CASE Quantitative Thermal Conduction Measurement and Imaging at 200nm scale

Lead Research Organisation: University of Glasgow
Department Name: School of Engineering


The performance of modern electronic and optical components is dominated by thermal effects. Modern devices make extensive use of nanostructuring to obtain greatly enhanced optical and electronic properties, but this structuring comes at a significant cost since it reduces the ability of the materials used to conduct away heat. Thermal conduction at the nanoscale is significantly different to that observed at macroscopic distances, being subject to acoustic boundary reflection effects, ballistic conduction, phonon-wavelength dependent scattering and quantized thermal conduction.
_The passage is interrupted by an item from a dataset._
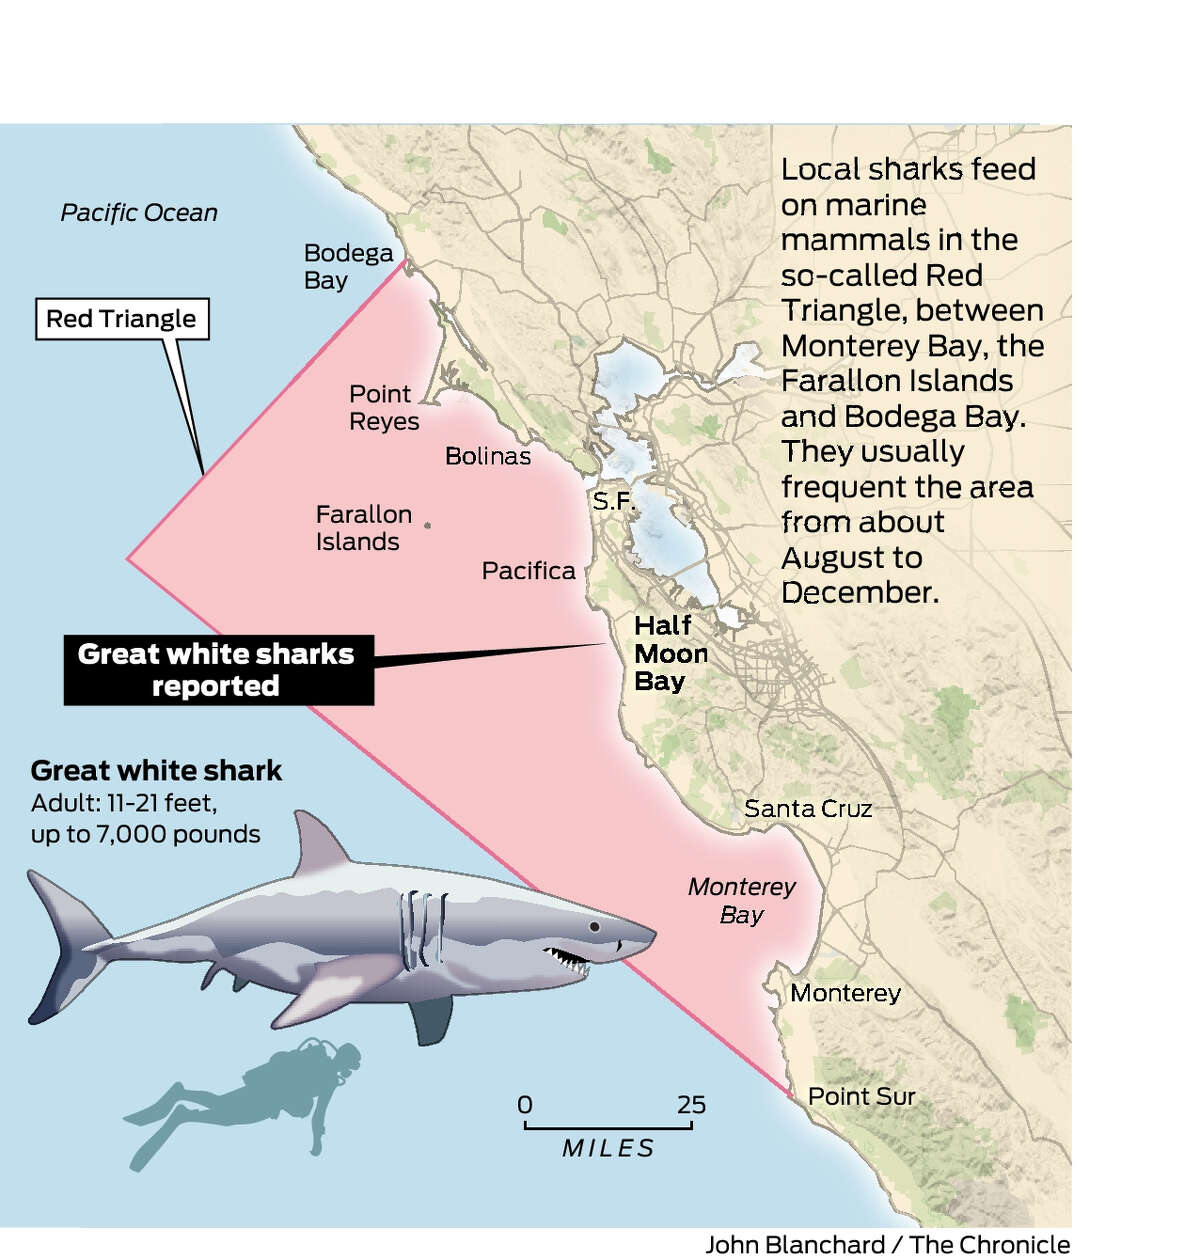 Great white sharks spotted near Half Moon Bay

Since the physics of nanoscale thermal transport is so profoundly different it is necessary to develop new techniques for its measurement.
Nanoscale thermal measurements are often made using "Scanning Thermal Microscopy", a technique related to Atomic Force Microscopy (AFM) in which a thermal sensor is combined with a MEMS AFM sensor to give high resolution measurements of topography and temperature at the same time. This project is concerned with the development and validation of techniques to quantify thermal conduction at the nanoscale using custom AFM probes which have two tips, separated by a few hundred nanometres. The two tips will act as heaters and thermometers, allowing a measurement of the temperature rise from the flow of a known thermal power: Classically this would constitute a measurement of thermal conductivity. Technical objectives are the development of a measurement methodology, determination of the range of validity of the measurement and quantification of errors in measurement with reference to the characteristics of known bulk materials. The project will involve nanofabrication of the advanced sensors in the James Watt Nanofabrication Centre combined with the development of the associated instrumentation and measurement techniques.